Jordania - Migrant domestic workers abused (2012)

Official figures show that more than 322,000 registered migrants are working in Jordan, but unofficial estimates put unregistered migrant workers at 100,000-150,000. Many workers, especially domestic workers, are employed without the proper permits, have their passports taken and are forced to work extremely long hours. Bangladeshi workers have been banned from entering Jordan since 2007, after Bangladeshi workers went on strike over labour rights. However, in July 2010, at the urging of garment factories, the Jordanian government lifted the ban on Bangladeshi women.

In August 2008, amendments to the Labour Law were made giving migrant domestic workers equal footing with Jordanian workers in terms of medical care, timely payment of wages and subscription to the Social Security Corporation. Under the rules, all transfers of domestic helpers from a sponsor to another employer must be ratified at a labour directorate in order to ensure a more transparent process.
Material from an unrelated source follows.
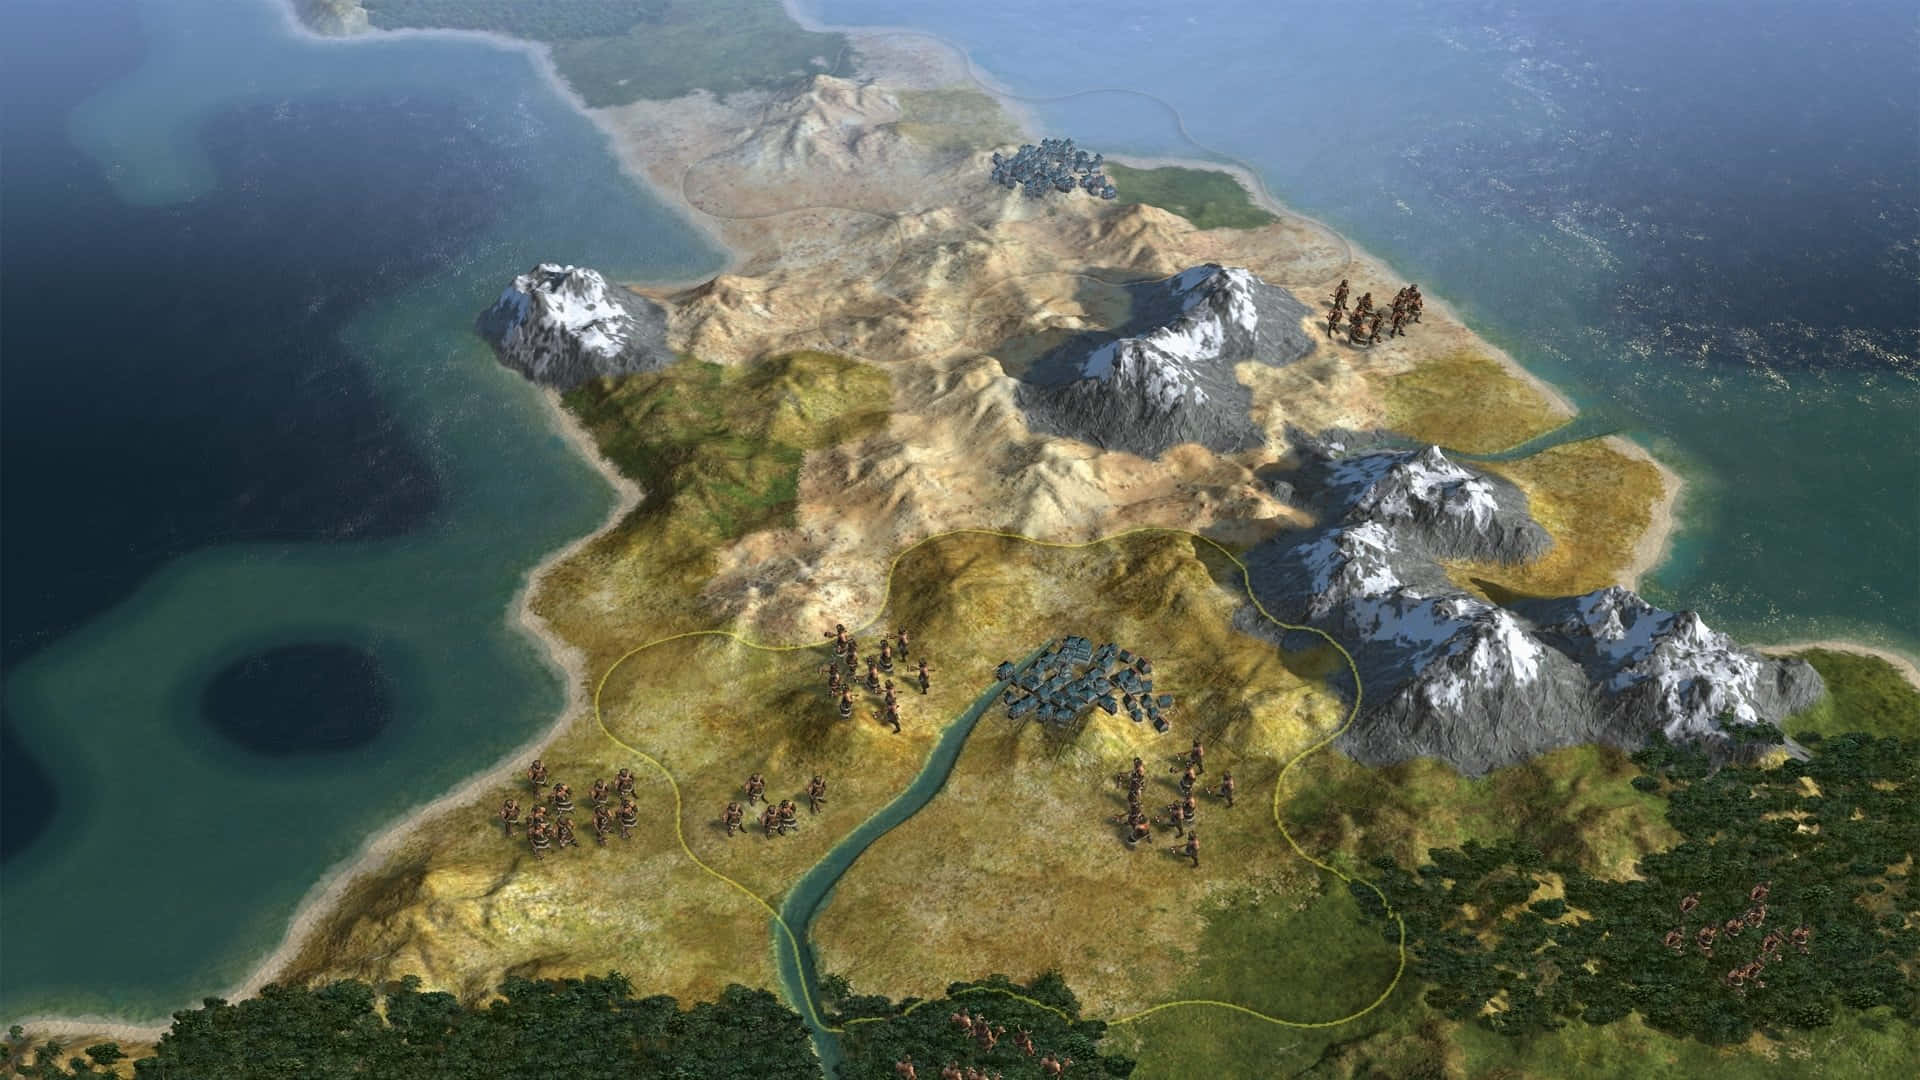 "Civilization V Gameplay in Stunning High Definition Resolution"

Previously such transfers would occur at recruitment offices.

Despite the legal changes, for most foreign workers the situation has not improved and several cases of abuse came to light throughout 2011. The law still allows employers to restrict a domestic worker’s movements and allows employers to retain passports and other papers. In addition, the law still does not allow domestic workers to change employers freely, even after the contract period has ended and imposes fines on those who are in Jordan without a valid residency permit, which only an employer can apply for, but often does not. Police actions can often put the domestic worker further at risk and police often detain domestic workers whose employers registered them as “escaped,” even when the worker had a valid residency permit.

A Human Rights Watch report published in September 2011 called on Jordan to ratify the new ILO treaty on domestic workers’ rights which the government recently voted in favour of at the ILO in June 2011.